EDEBİYAT KÖŞESİ => EDEBİYAT => Konuyu başlatan: nur_ - 28 Ocak 2007, 12:35:13

Başlık: Sus
Gönderen: nur_ - 28 Ocak 2007, 12:35:13
Sus gönlüm.çok dile getirme.Sen dile getirdikçe gönlün daha da coşuyor,daha meraklanıyor ve beklemek daha da zorlaşıyor.

Sus gönlüm.çok laf etme.Az söyle ki işimiz olgunlaşsın.Az söyle ki Hakka karşı yanlış kelam çıkmasın.

Sus gönlüm.Bir elif miktarı sus.Az kaldı bahara.Dayan gönlüm.Denizin içinde meydana gelen görünmeyen dalgalar gibi yüreğin biliyorum.Beklemekten başka çare olsaydı,seni durdurmazdım...inan bana...Ama yok.Başka çare yok.Unutma ki ilaç bile beklemeden tesir etmez,çiçek bile vakti gelmeden önce açmaz...

Sus gönlüm.Bu kışın bahara dönünceye kadar.Bu gece gündüz oluncaya kadar.Uzak yollar yakınlaşıncaya kadar.Bu sıkıntının ardından ferahlık gelinceye kadar.Ve yüzümüz vuslat gözyaşlarıyla ıslanıncaya kadar sus...

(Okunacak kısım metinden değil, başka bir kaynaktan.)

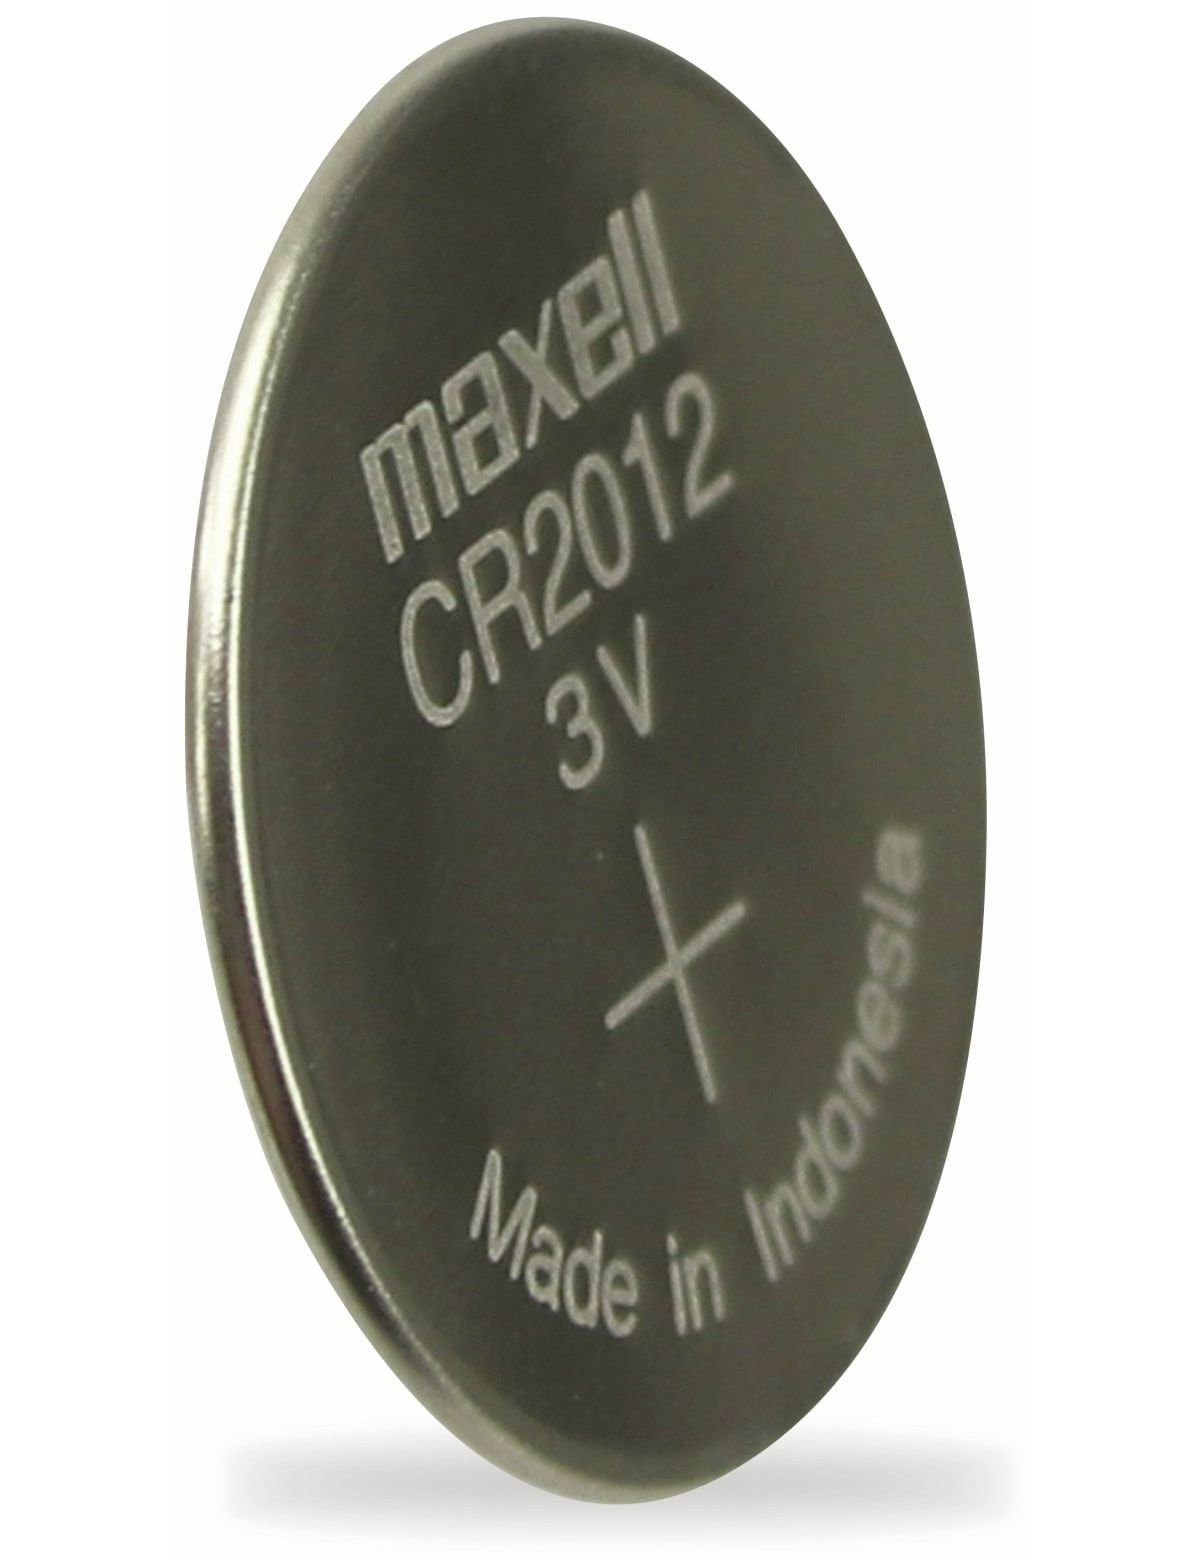 Maxell MAXELL 1 3 50 Knopfzelle mAh, Knopfzelle Lithium, CR2012, V
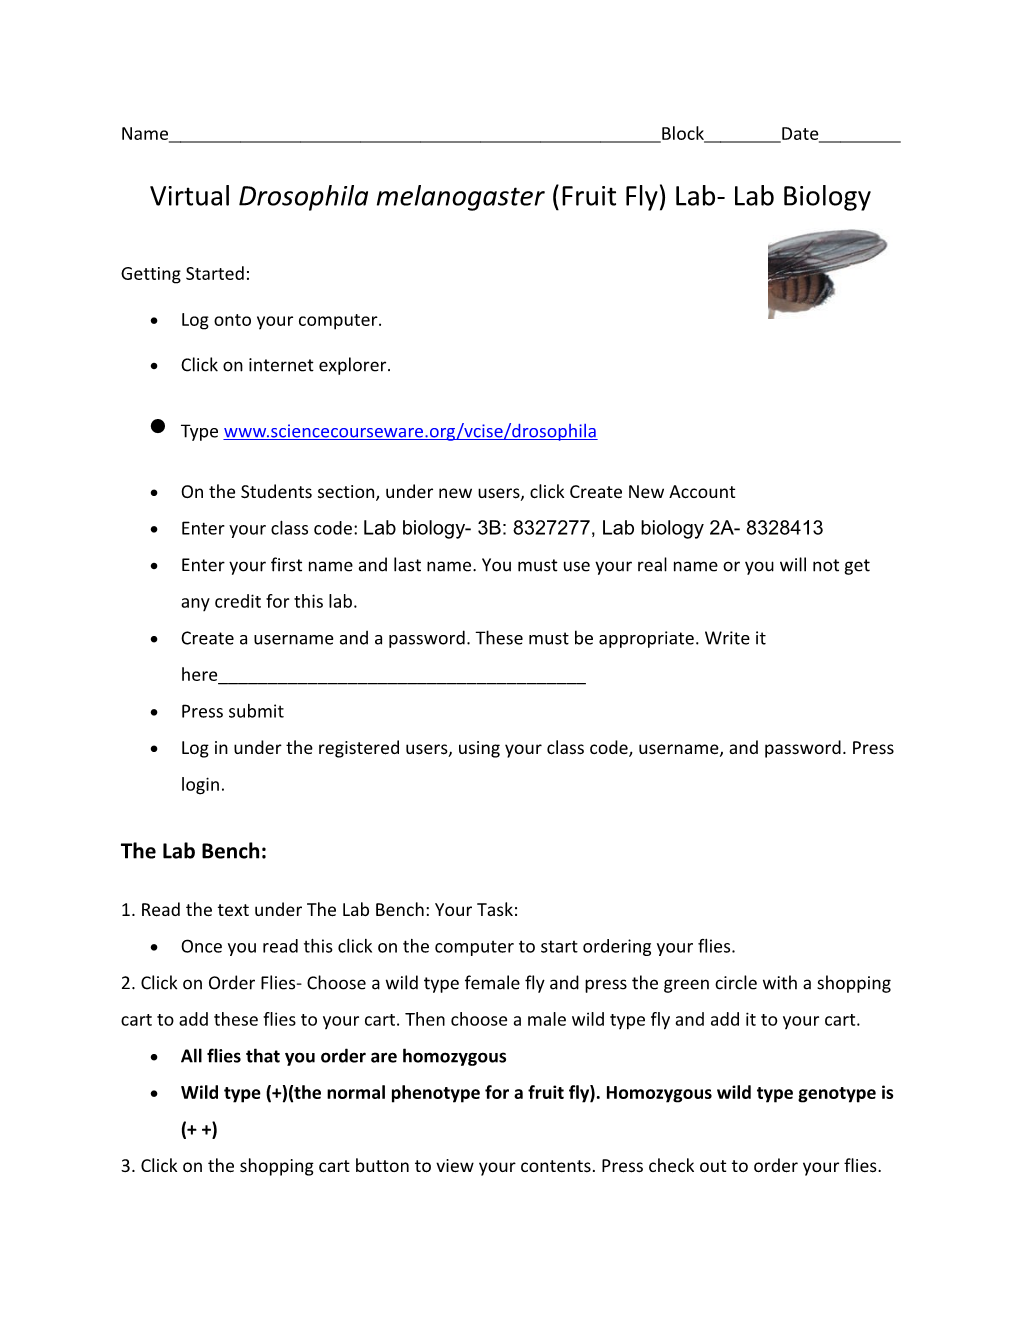 Virtual Drosophila Melanogaster (Fruit Fly) Lab- Lab Biology

Sus gönlüm.Seni senden daha iyi bilen Rabbinin hükmü vuk'u buluncaya kadar.Senin nasibin sana ulaşıncaya kadar,ulaşmayanlarınsa senin nasibin olmadınığını anlayana kadar sus...

Sus gönlüm.Onun geleceğini görünceye kadar.Acının bala dönüştüğünü farkedinceye kadar.Onun gönlünün senin gönlüne muhabbet düğümüyle bağlandığını görünceye kadar.

Sus gönlüm.Sebepler var edilinceye kadar.Bahaneler oluşuncaya,birbirimizin nasibi oluncaya kadar sus.

Sus gönlüm.Bütün bu susmalarına karşılık her şeyin hayırlısının olacağına inanarak sus.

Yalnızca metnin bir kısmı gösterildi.